Prep Time: 15 minutes
Cook Time: 30 minutes
Ingredients:
- * * * * * For the Bread Pudding * * * * *
- 5 large eggs
- 1 cup whole milk
- 2/3 cup heavy cream
- 1 teaspoon chili powder
- 1/4 teaspoon salt
- 1/4 teaspoon ground cumin
- 1/4 teaspoon dried oregano
- 3/4 cup (2 1/2 ounces) loosely packed coarsely shredded sharp Cheddar cheese
- 1/2 cup (1 1/2 ounces) loosely packed coarsely shredded Monterey Jack cheese
- 2 tablespoons canned diced green chiles
- 6 1/2 cups trimmed and cubed (3/4 inch) day-old French or Italian bread
- * * * * * For the Avocado Salsa * * * * *
- 1 ripe but firm avocado, peeled and finely chopped (about 1 cup)
- 1/2 cup finely chopped tomato
- 2 tablespoons finely chopped yellow onion
- 1 1/2 tablespoons finely chopped seeded jalapeno pepper
- 1 small clove garlic, finely minced
- 2 to 3 tablespoons chopped fresh cilantro
- Fresh lime juice, to taste (about 2 tablespoons)
- Salt, to taste (about 1/4 teaspoon)
Preparation:
Yields 12 servings, Avocado Salsa makes about 2 cups.
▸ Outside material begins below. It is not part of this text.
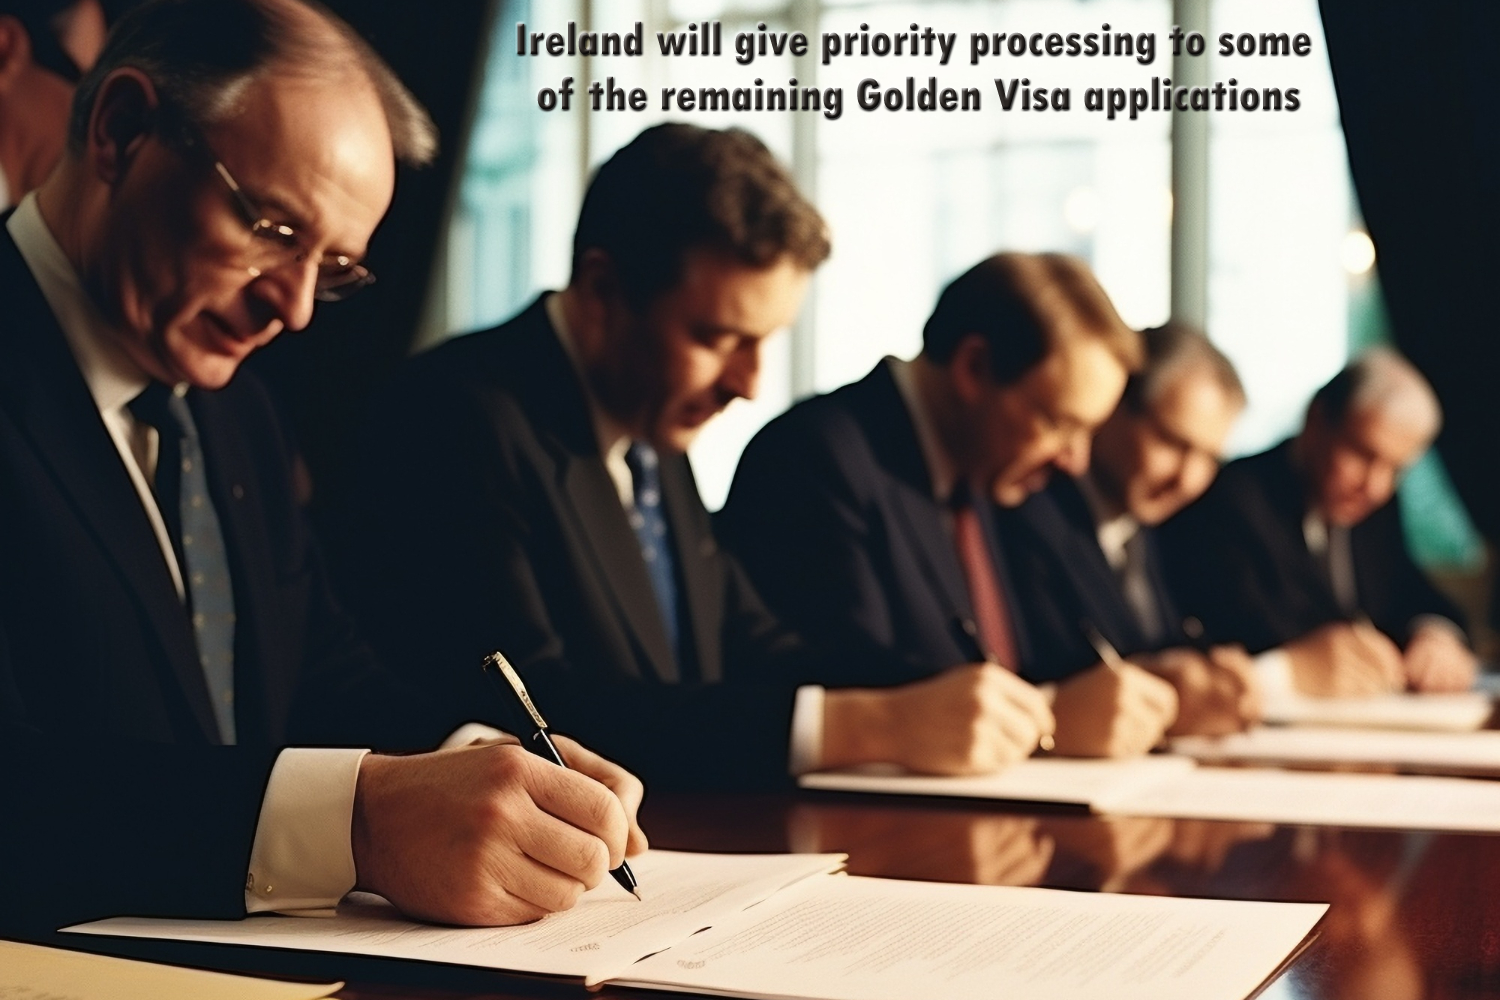 Ireland will give priority processing to some of the remaining Golden Visa applications.

- Adjust rack to lower third of oven. Preheat oven to 350°F. Generously butter 12 (2 3/4-inch, scant 1/2 cup capacity) muffin tin cups.
- In a large bowl, whisk the eggs, milk and cream to blend thoroughly. Mix in the chili powder, salt, cumin and oregano, then mix in the cheeses and chiles. Add the bread; mix thoroughly. Divide the mixture evenly among the muffin tin cups.
- Bake 25 to 30 minutes, or until a knife blade inserted into the centers comes out clean. Cool 5 to 10 minutes. Slide a knife blade around puddings to loosen them; lift out of molds with a small spatula. Serve warm or at room temperature with Avocado Salsa (recipe follows).
Make the Avocado Salsa
In a large bowl, gently mix all ingredients to blend thoroughly. Serve without delay.